**EXERCISE DETAILS**
Copy each line of the data below exactly, leaving out pictures.

**DATA EXCERPT**
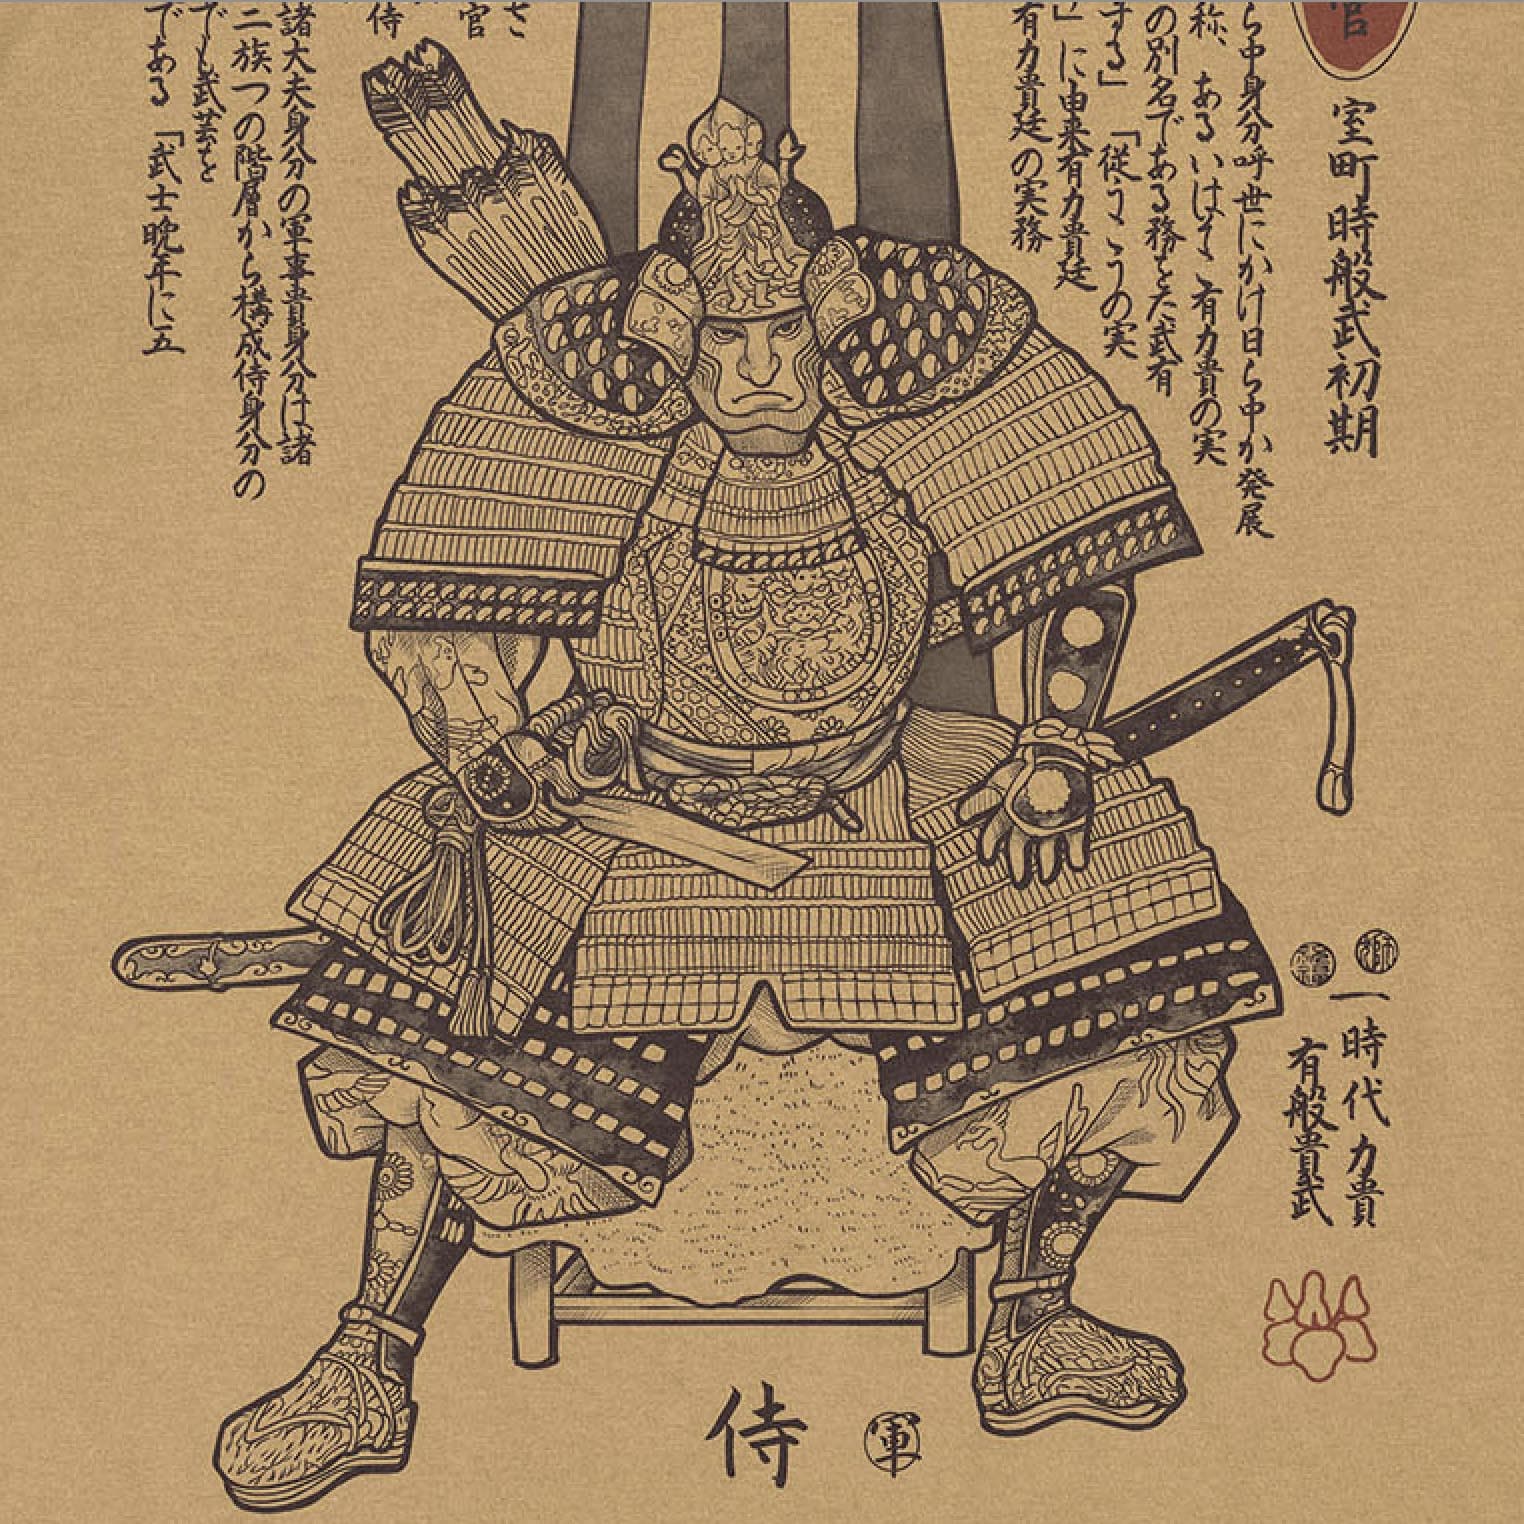 DTG T-Shirt S / Old Gold Kuniyoshi's Oda Nobunaga Ronin Japanese Samurai Antique Ukiyo-e Edo Warrior Design T-Shirt
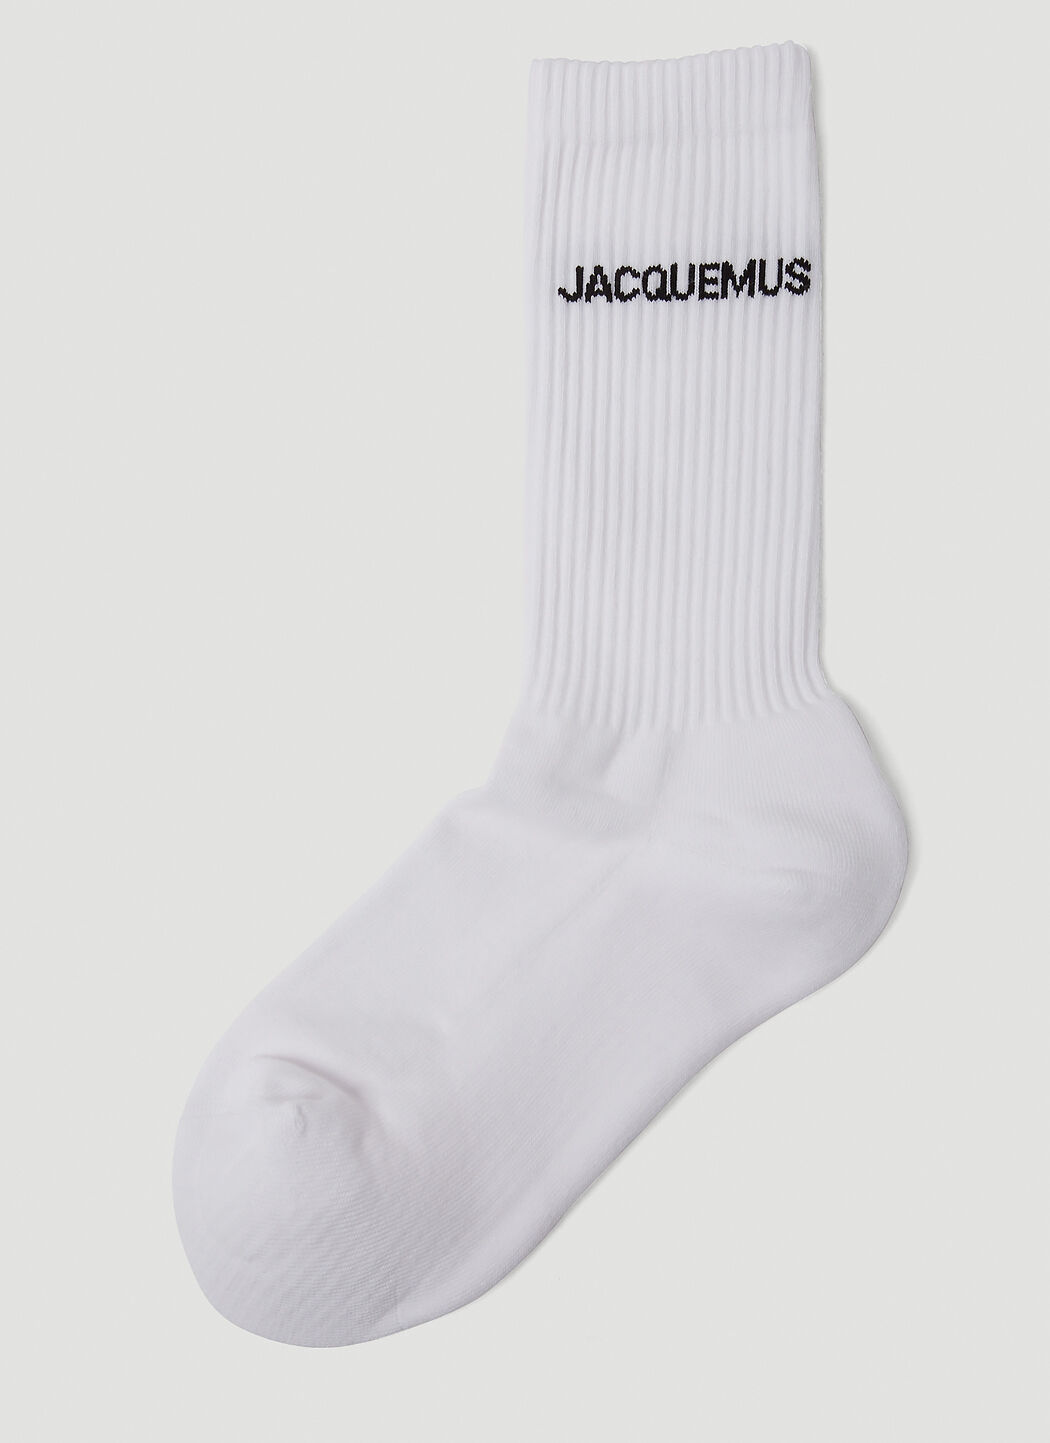 Y-3 Les Chaussettes Socks White yyy0356030
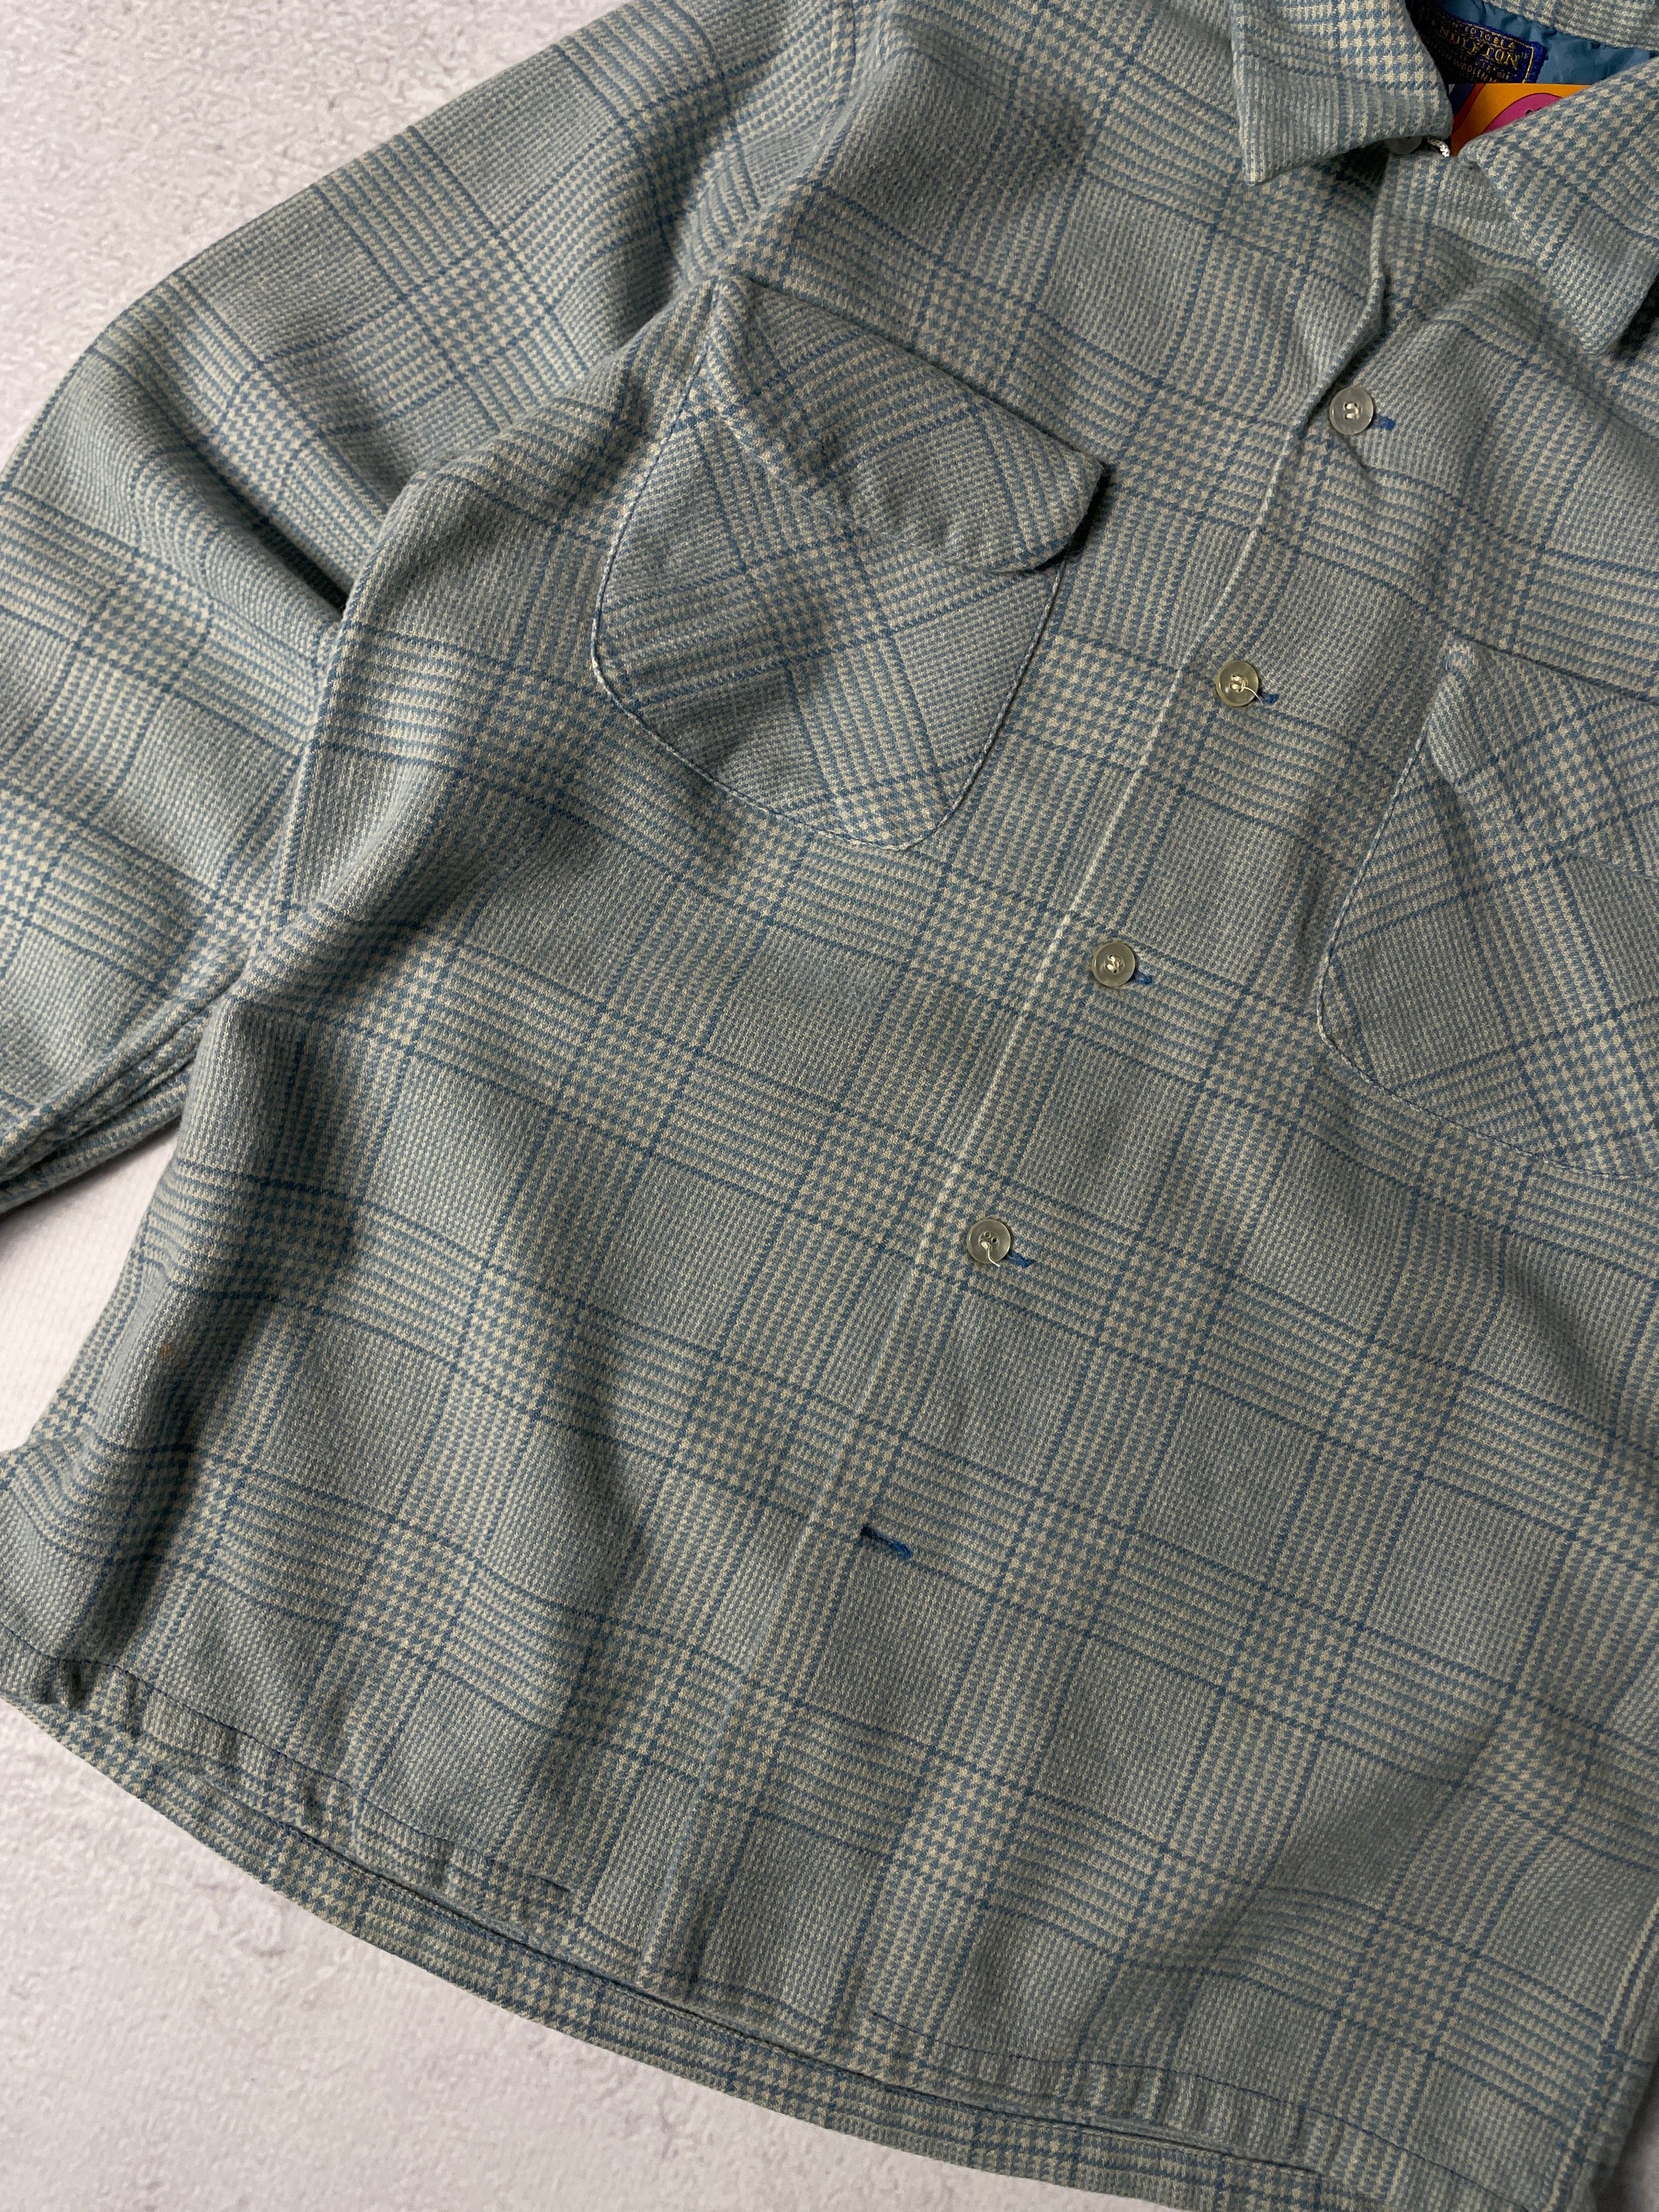 Vintage Pendleton Buttoned Shirt - Men's Medium

**TASK OUTPUT**
 DTG T-Shirt S / Old Gold Kuniyoshi's Oda Nobunaga Ronin Japanese Samurai Antique Ukiyo-e Edo Warrior Design T-Shirt
 Y-3 Les Chaussettes Socks White yyy0356030
 Vintage Pendleton Buttoned Shirt - Men's Medium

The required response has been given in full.